Read where the pointer falls
Reading a scale is counting from zero to where the pointer or arrow lands. On a centimetre ruler each small mark is one centimetre, and the numbered marks every five give a quick way to count without losing place: jump in fives to the nearest numbered mark, then count the singles. This is the same skip-counting from Number, now doing measuring work. The habit to build is starting from a known point, usually zero, and counting marks in order — never guessing from the rough position, because precise reading is exactly what a marked instrument makes possible.
Find the mark
Set the pointer to a value. Knowing what each mark is worth makes it exact.
Move the pointer to 400 g. Each small mark is fifty grams.
Setting a value, not just reading one
Instruments work in both directions: a cook setting a kitchen scale to four hundred grams is using the marks to reach a target, not to read one. Moving a pointer to a chosen value needs the same understanding of what each mark is worth. On a scale marked every fifty grams, reaching four hundred means counting eight marks up from zero. Whether reading a measurement or setting one, the marks are the shared language, and a child who can do both truly understands the instrument rather than just glancing at a number.
Read the thermometer
Temperature uses a vertical scale in degrees. Read the level against the marks.

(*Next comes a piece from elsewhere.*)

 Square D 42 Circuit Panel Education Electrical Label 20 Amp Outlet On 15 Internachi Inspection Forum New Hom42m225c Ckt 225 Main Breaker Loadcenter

What temperature does the thermometer show? Each small mark is one degree.
A scale can run upward
A thermometer shows that scales are not only horizontal rulers: here the marks run vertically and the reading is the height the coloured level reaches. Temperature is a new quantity, measured in degrees, but the reading method is identical — find what each mark is worth, then read the level against the marks. Numbered every ten degrees with single-degree marks between, a thermometer is read just like a ruler stood on end. Meeting the same skill on a different instrument and a different quantity shows children that reading a scale is one general idea, not a separate trick for each tool.
What is each mark worth?
Reading a scale starts with finding the value of a single small division.
Before reading any instrument, work out what one small mark is worth.
First, find what one mark is worth
The key to any instrument, especially a partly marked one, is working out the value of a single small division before reading anything. Take the gap between two numbered marks and share it among the small marks that fill it: a jug numbered every hundred millilitres with no marks between reads in hundreds; a ruler numbered every five centimetres with four small marks between reads in single centimetres. Scales differ in how finely they are divided, so this step cannot be skipped. Once the value of one mark is known, even an unfamiliar instrument becomes readable, which is the heart of interpreting scaled instruments.
Between the marks
A reading often lands between two marks. Judge the value from where it sits.
The arrow sits between 30 and 40. What value is it?
Reading between the marks
Real measurements often fall between two marks, and a good reader judges the value from where the pointer sits rather than forcing it onto the nearest line. An arrow exactly halfway between the thirty and forty marks reads thirty-five, because halfway between the marks is halfway in value. This judgement — estimating the in-between, using the known value of each mark — is the most refined reading skill, and it connects straight to the tenths and hundredths of decimals, where the space between two whole numbers is itself divided. With marks understood, scales read in both directions, and in-between values judged, a child can measure length, mass, capacity and temperature on any scaled instrument with real precision.
Match instrument to quantity
Every quantity has a matching instrument and units, all read by their scales.
Each quantity has its own instrument and units. Reveal each row to match them.
Quick self-check
1. On a ruler, the numbered marks are every 5 cm with four small marks between. Each small mark is...
2. A measuring jug is marked 0 to 1000 mL with a mark every 100 mL. Each mark is...
3. A thermometer numbered every 10 degrees, with ten small marks between, has each small mark worth...
4. An arrow sits exactly halfway between the 70 and 80 marks on a millilitre scale. It reads...
5. Which instrument and unit go with measuring temperature?